▸ **Aim of the exercise**:
Pictures are to be left out, and only the lines from the one containing "PCSADIE T-Shirt - hvid m. grå striber" through the last line of the data are to be returned exactly.

▸ **Given information**:
* * *

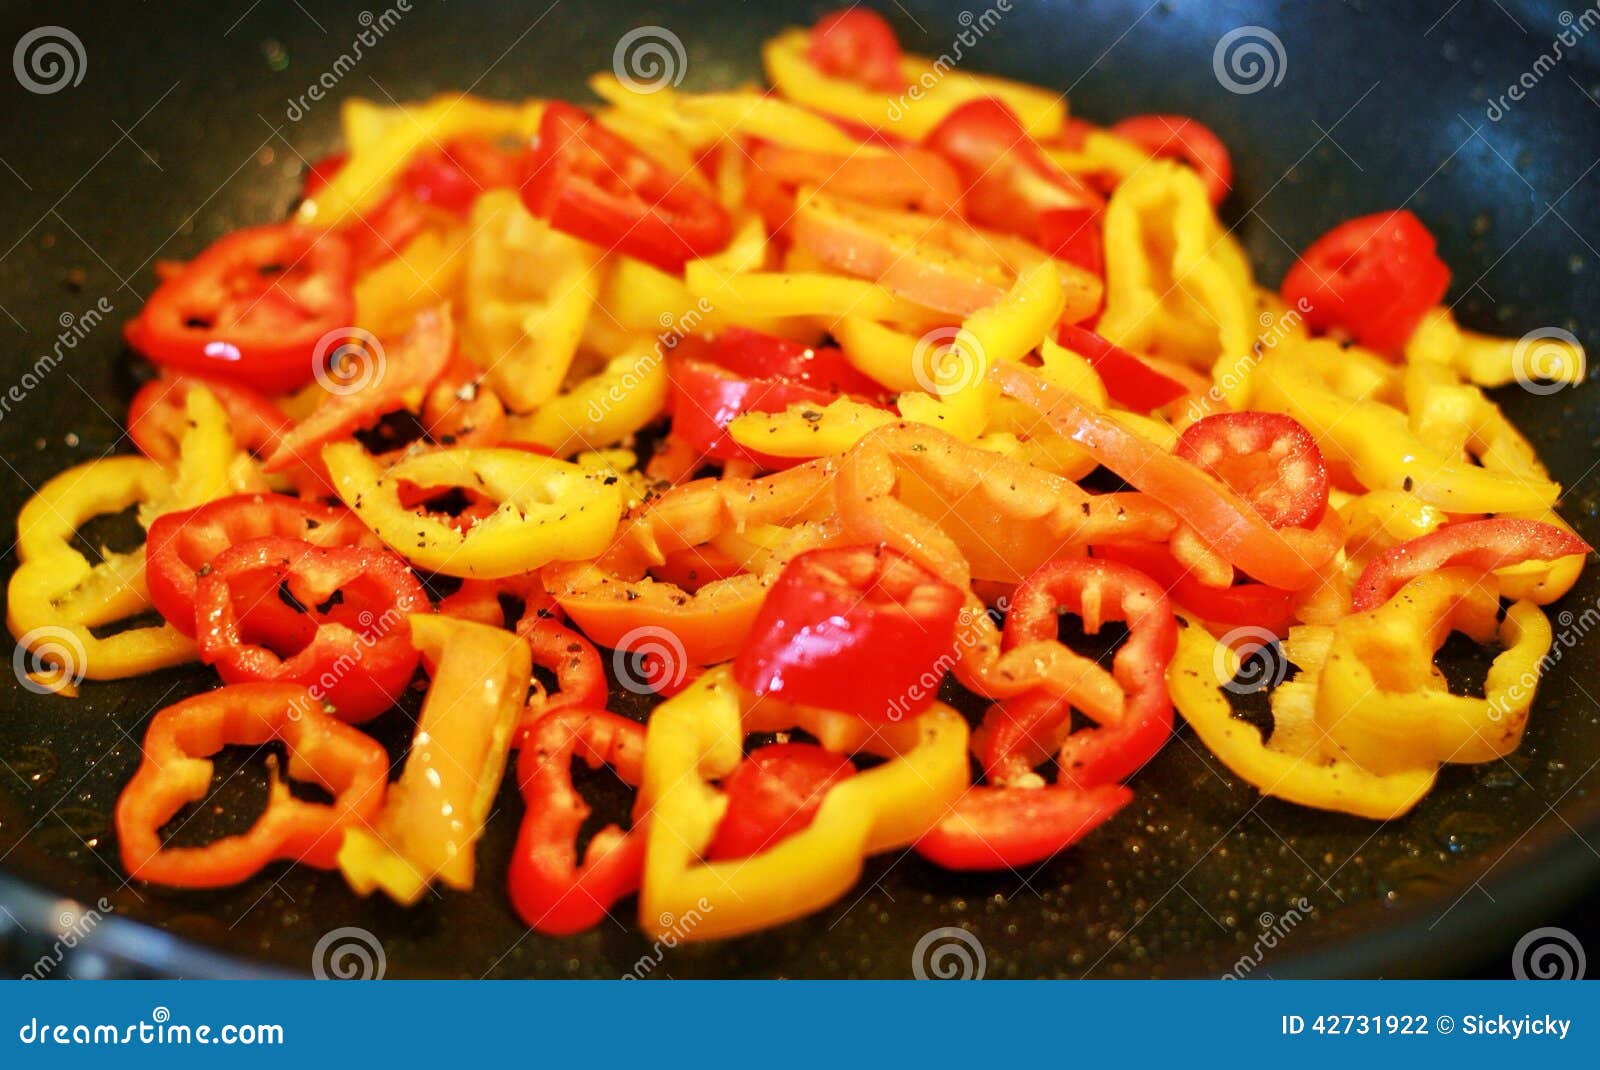 sautÃÂ©ed peppers
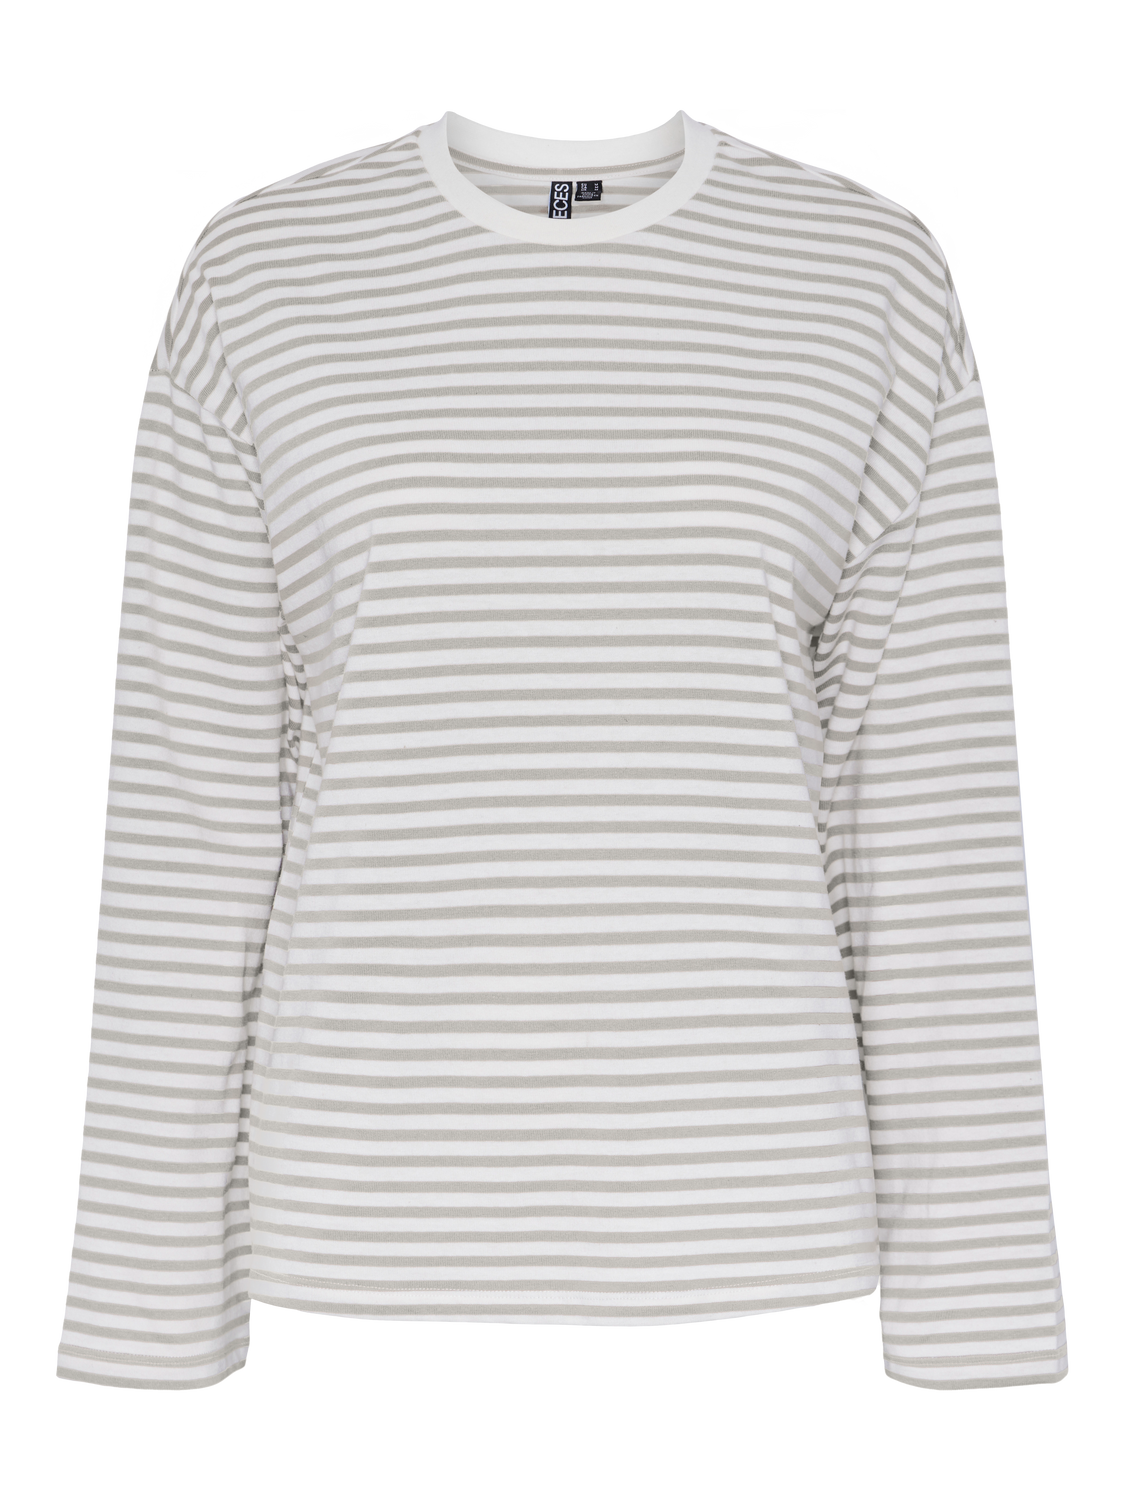 PCSADIE T-Shirt - hvid m. grå striber
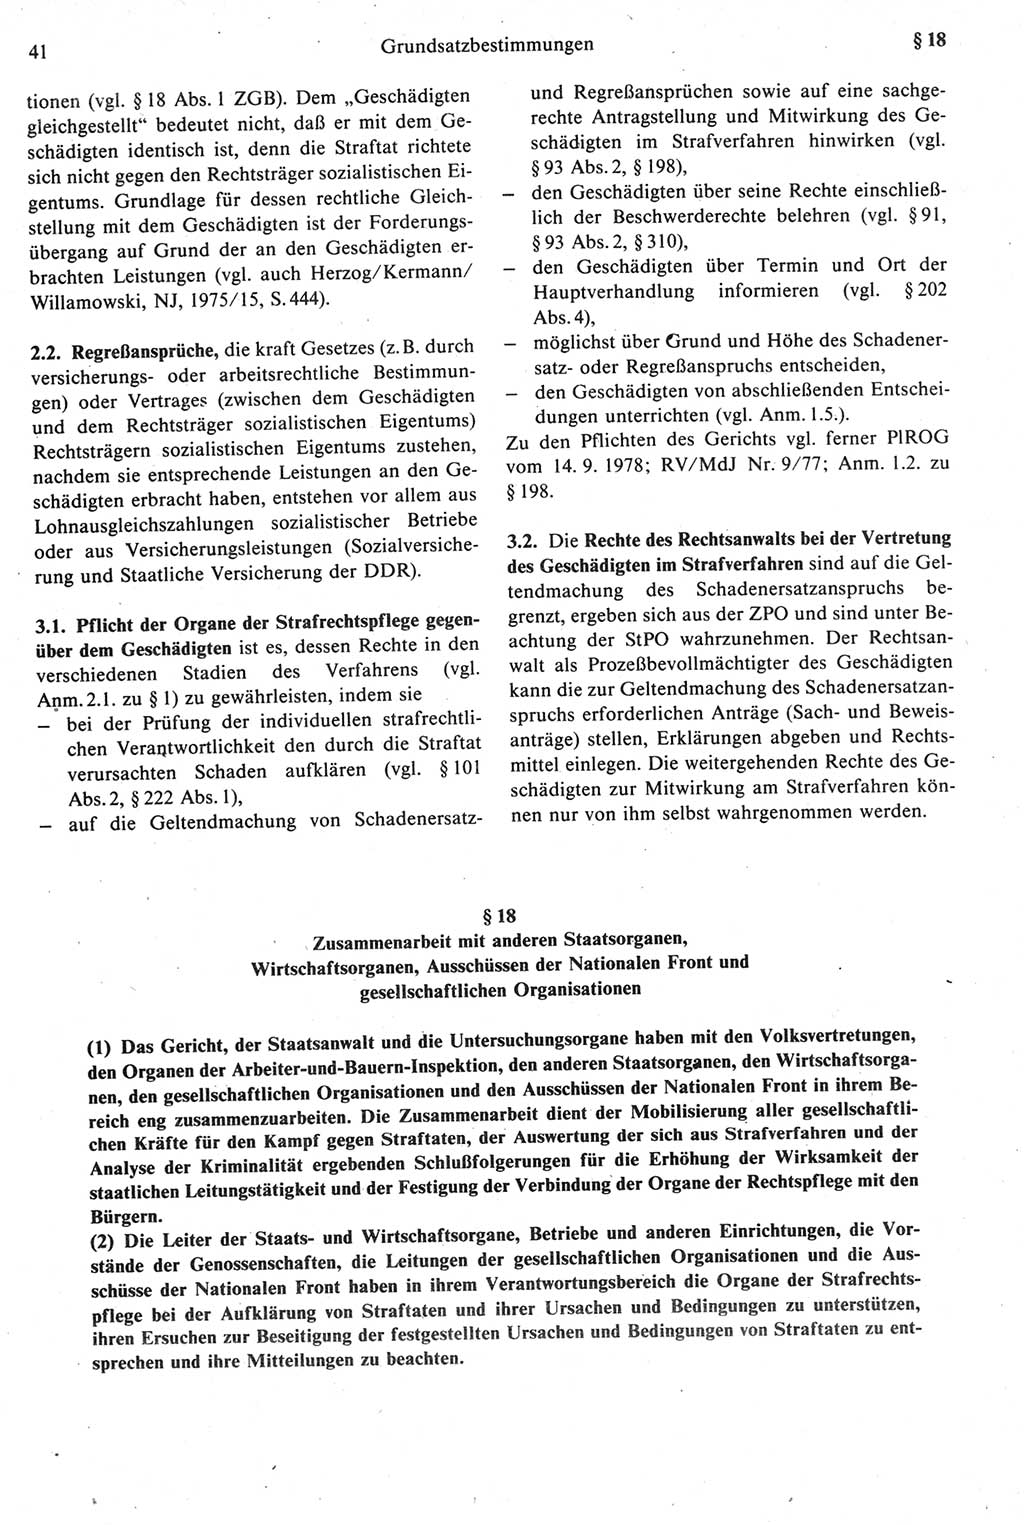 Strafprozeßrecht der DDR [Deutsche Demokratische Republik], Kommentar zur Strafprozeßordnung (StPO) 1987, Seite 41 (Strafprozeßr. DDR Komm. StPO 1987, S. 41)
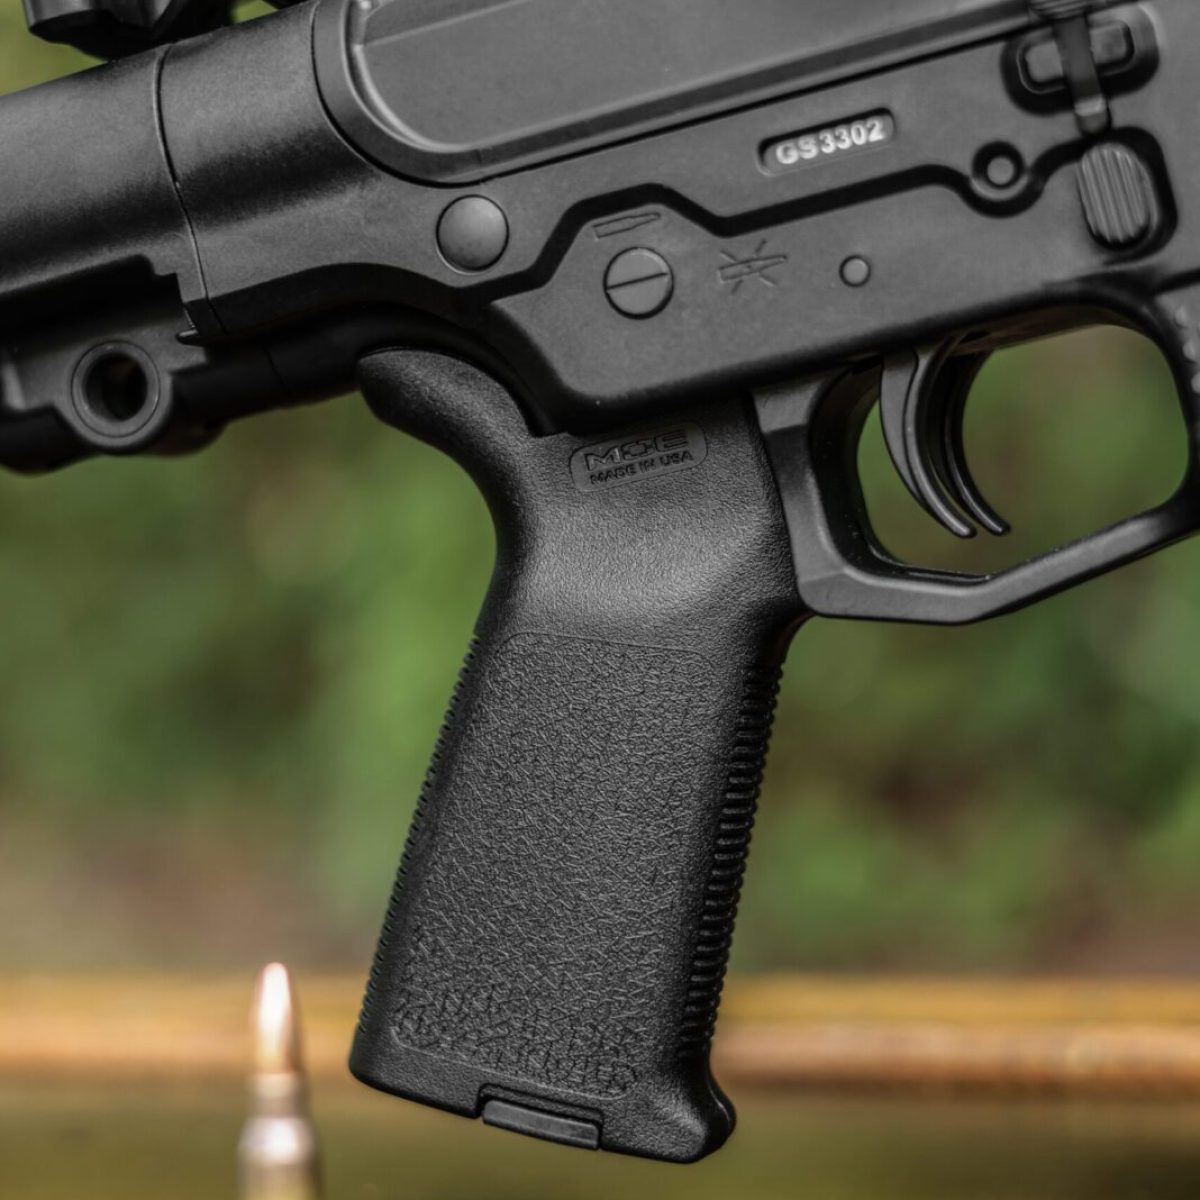 DBR Snake pistol grip with 5.56 caliber ammunition

* * *

▸ **Written solution**:
 PCSADIE T-Shirt - hvid m. grå striber
 Strafprozeßrecht der DDR [Deutsche Demokratische Republik], Kommentar zur Strafprozeßordnung (StPO) 1987, Seite 41 (Strafprozeßr. DDR Komm. StPO 1987, S. 41)
 DBR Snake pistol grip with 5.56 caliber ammunition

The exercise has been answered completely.